_Try it_
Please transcribe the data below exactly. Leave the pictures out.

_Data extract_
# # #

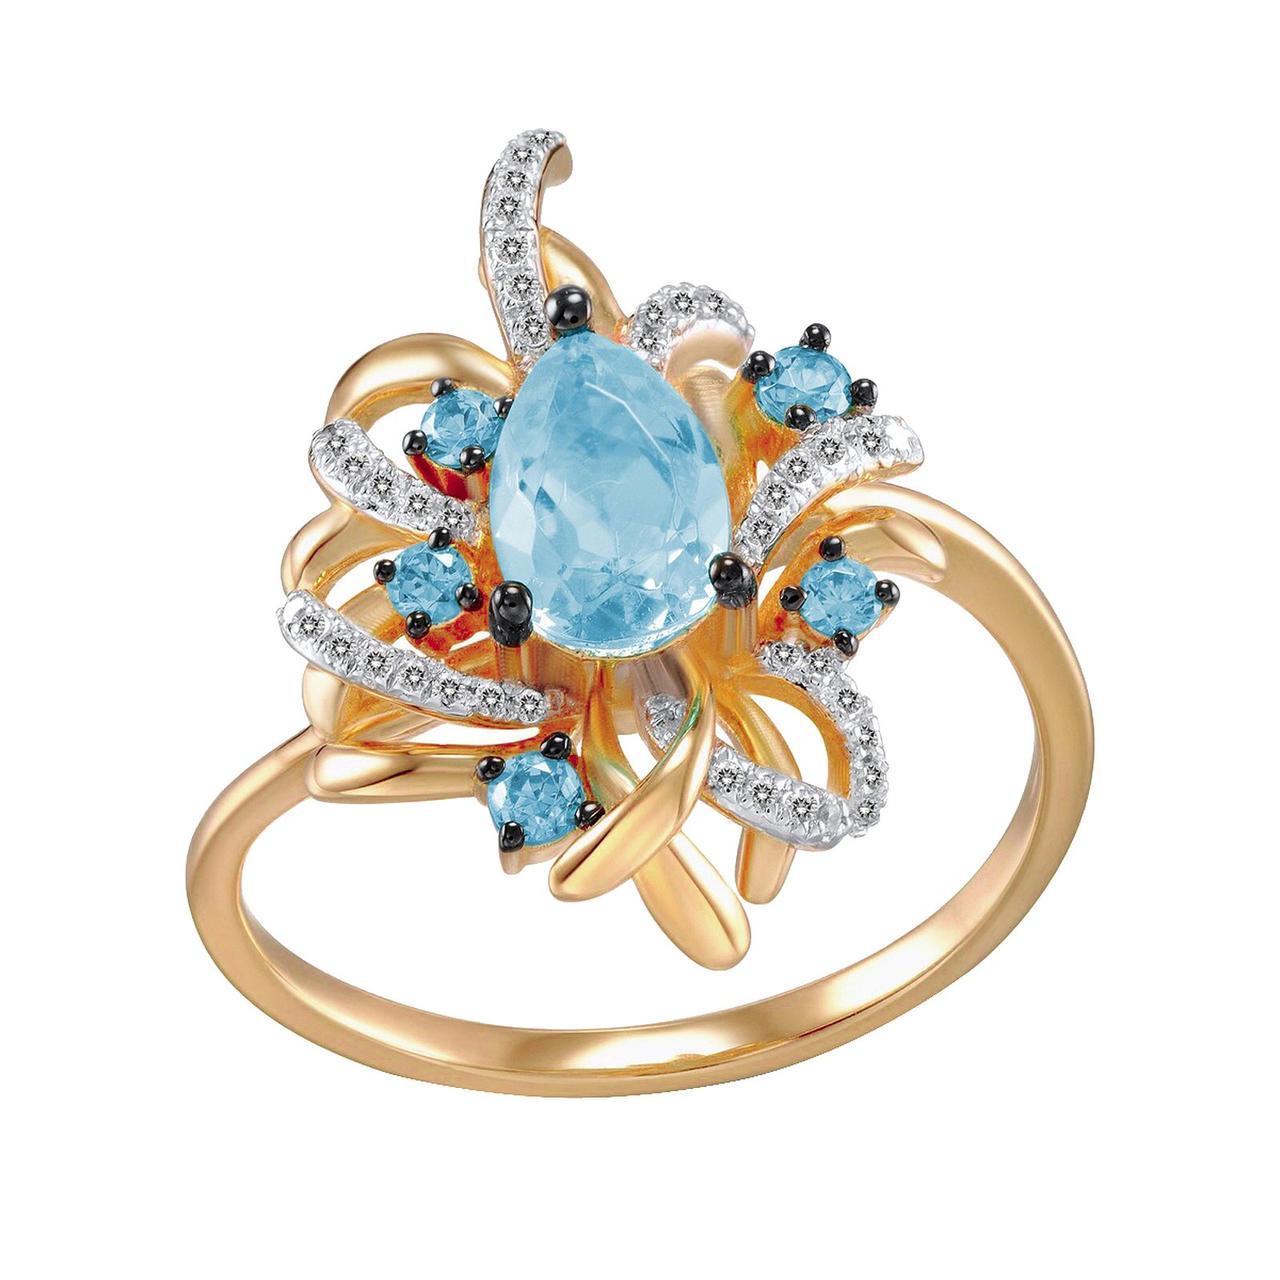 Золотое кольцо с бриллиантами и топазами, размер 17 (1696111)
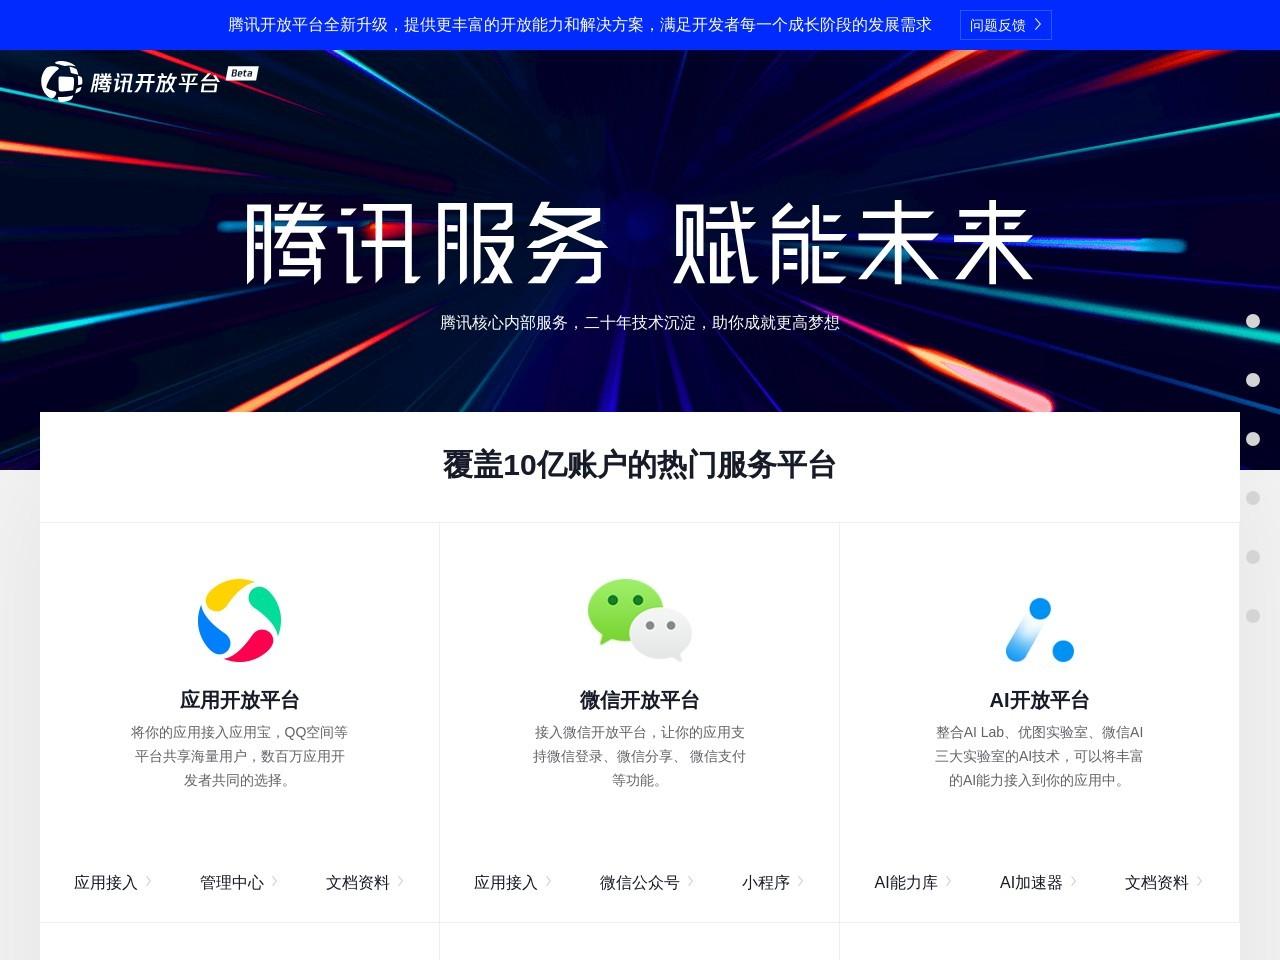 騰訊開放平臺截圖
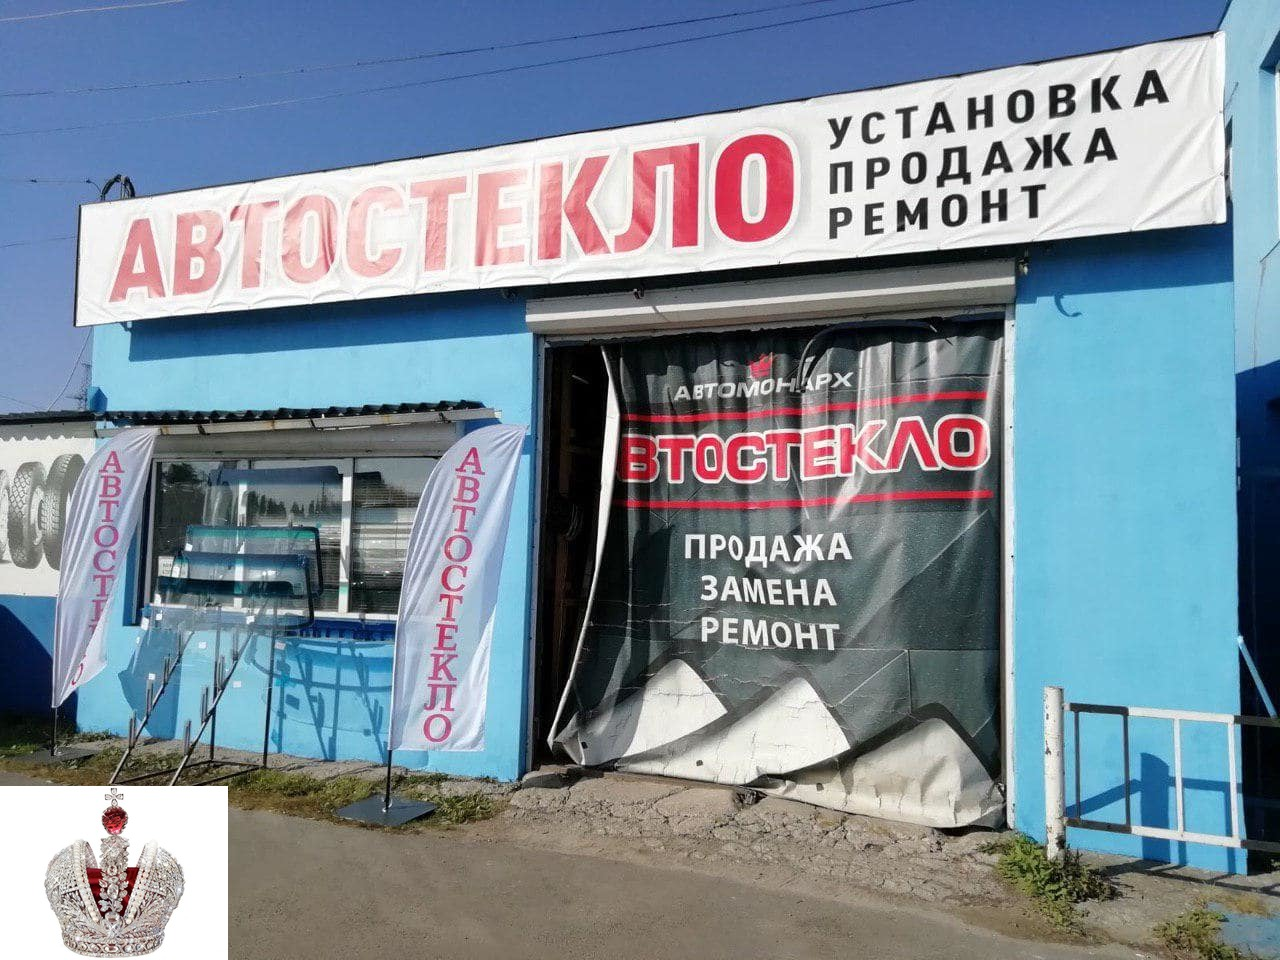 Продаж автостекол в Авто Монарх в Харькове
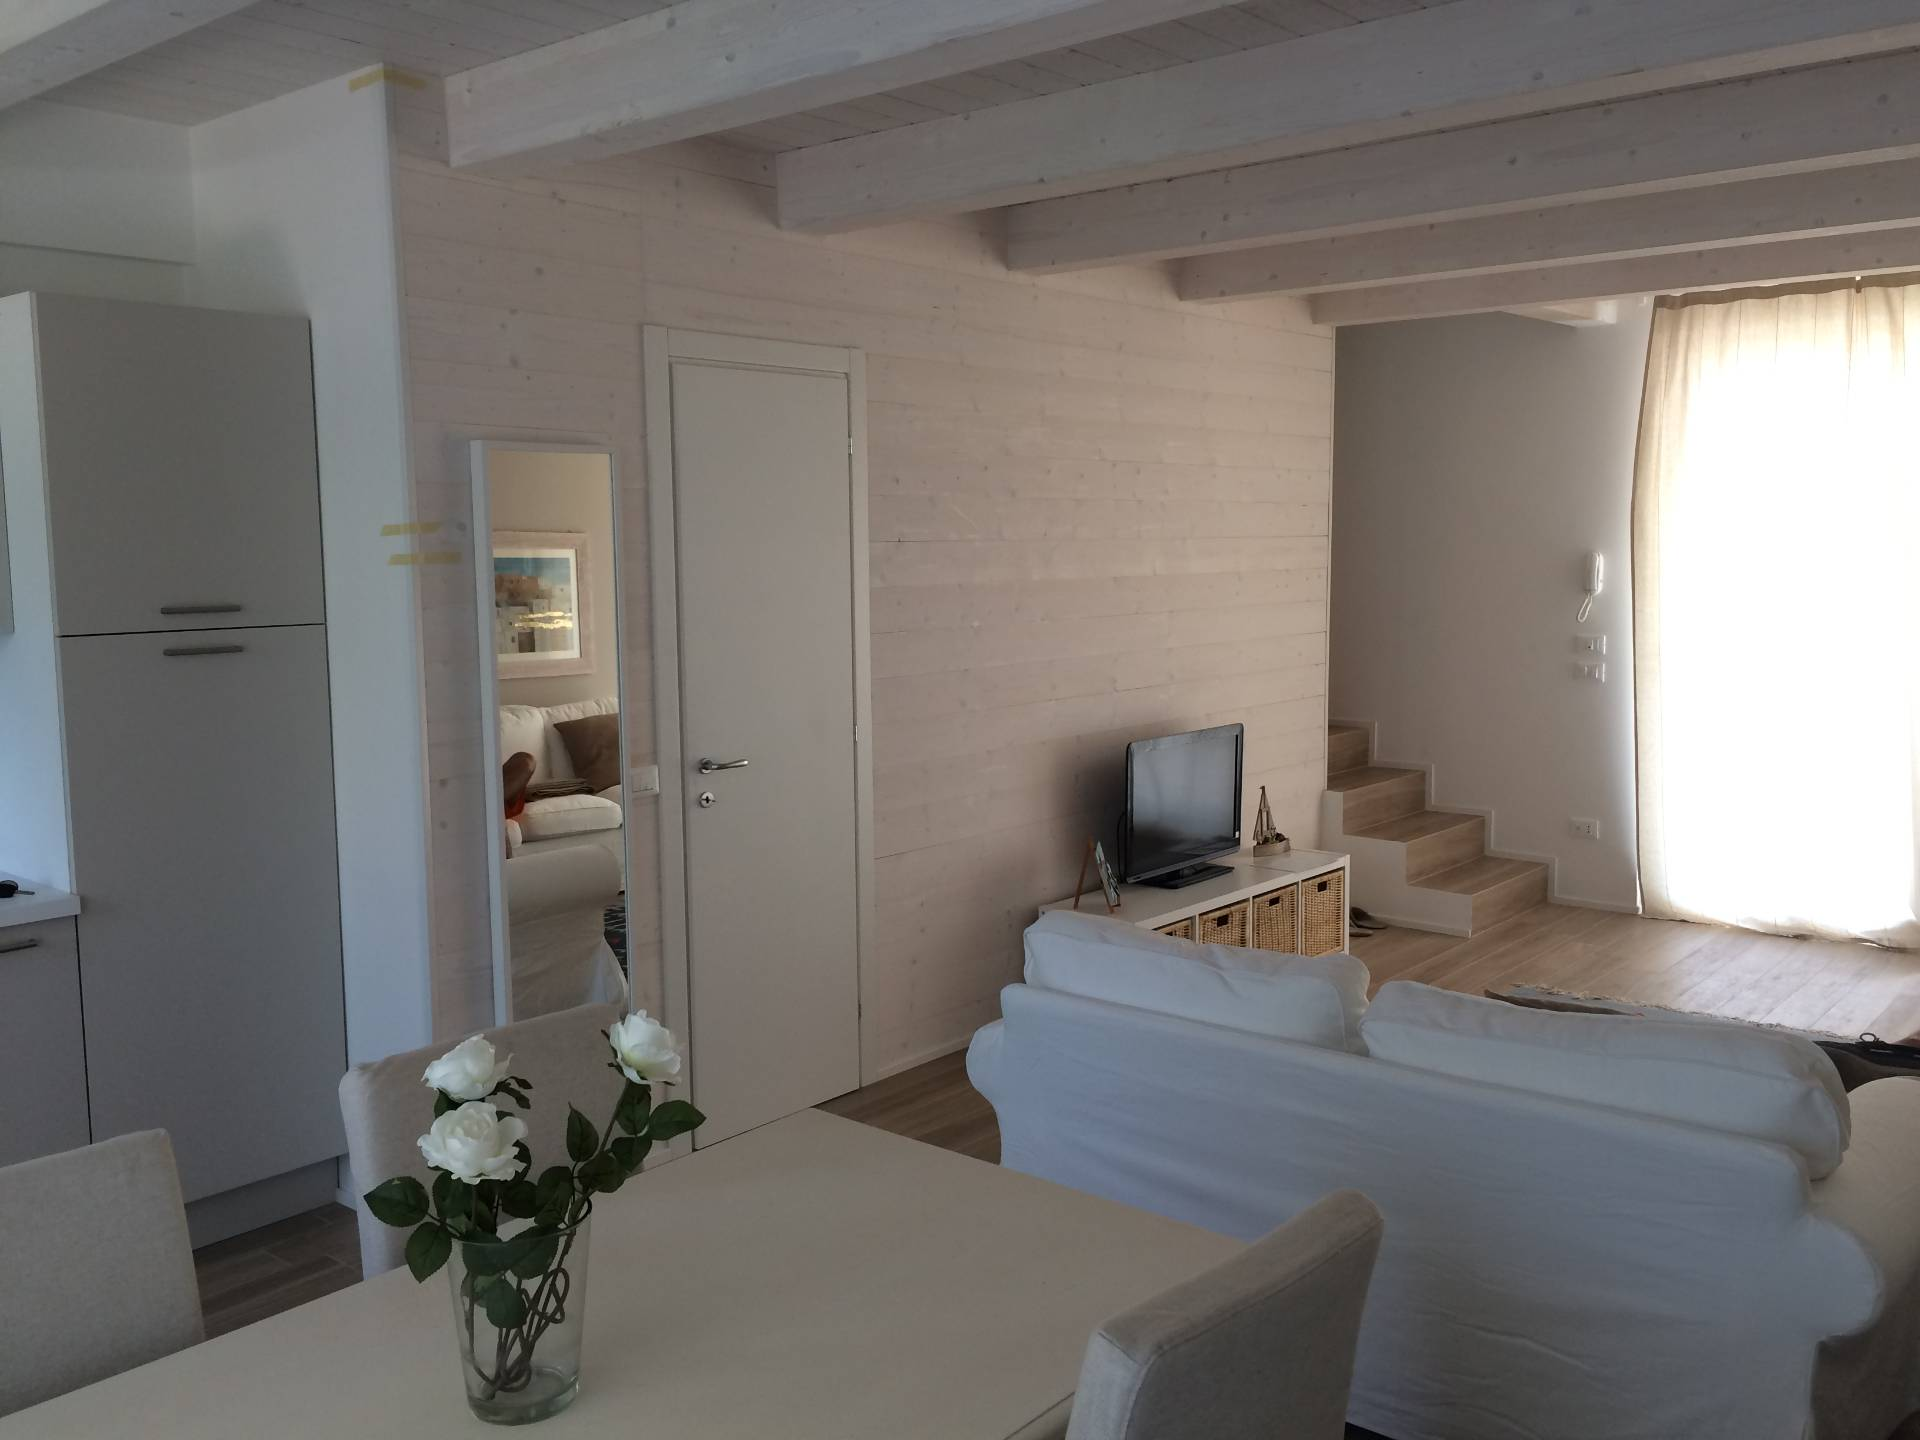 Appartamento in vendita a Jesolo, 5 locali, zona Località: PiazzaMarina, prezzo € 240.000 | Cambio Casa.it

# # #

_Answer to this exercise_
 Золотое кольцо с бриллиантами и топазами, размер 17 (1696111)
 騰訊開放平臺截圖
 Продаж автостекол в Авто Монарх в Харькове
 Appartamento in vendita a Jesolo, 5 locali, zona Località: PiazzaMarina, prezzo € 240.000 | Cambio Casa.it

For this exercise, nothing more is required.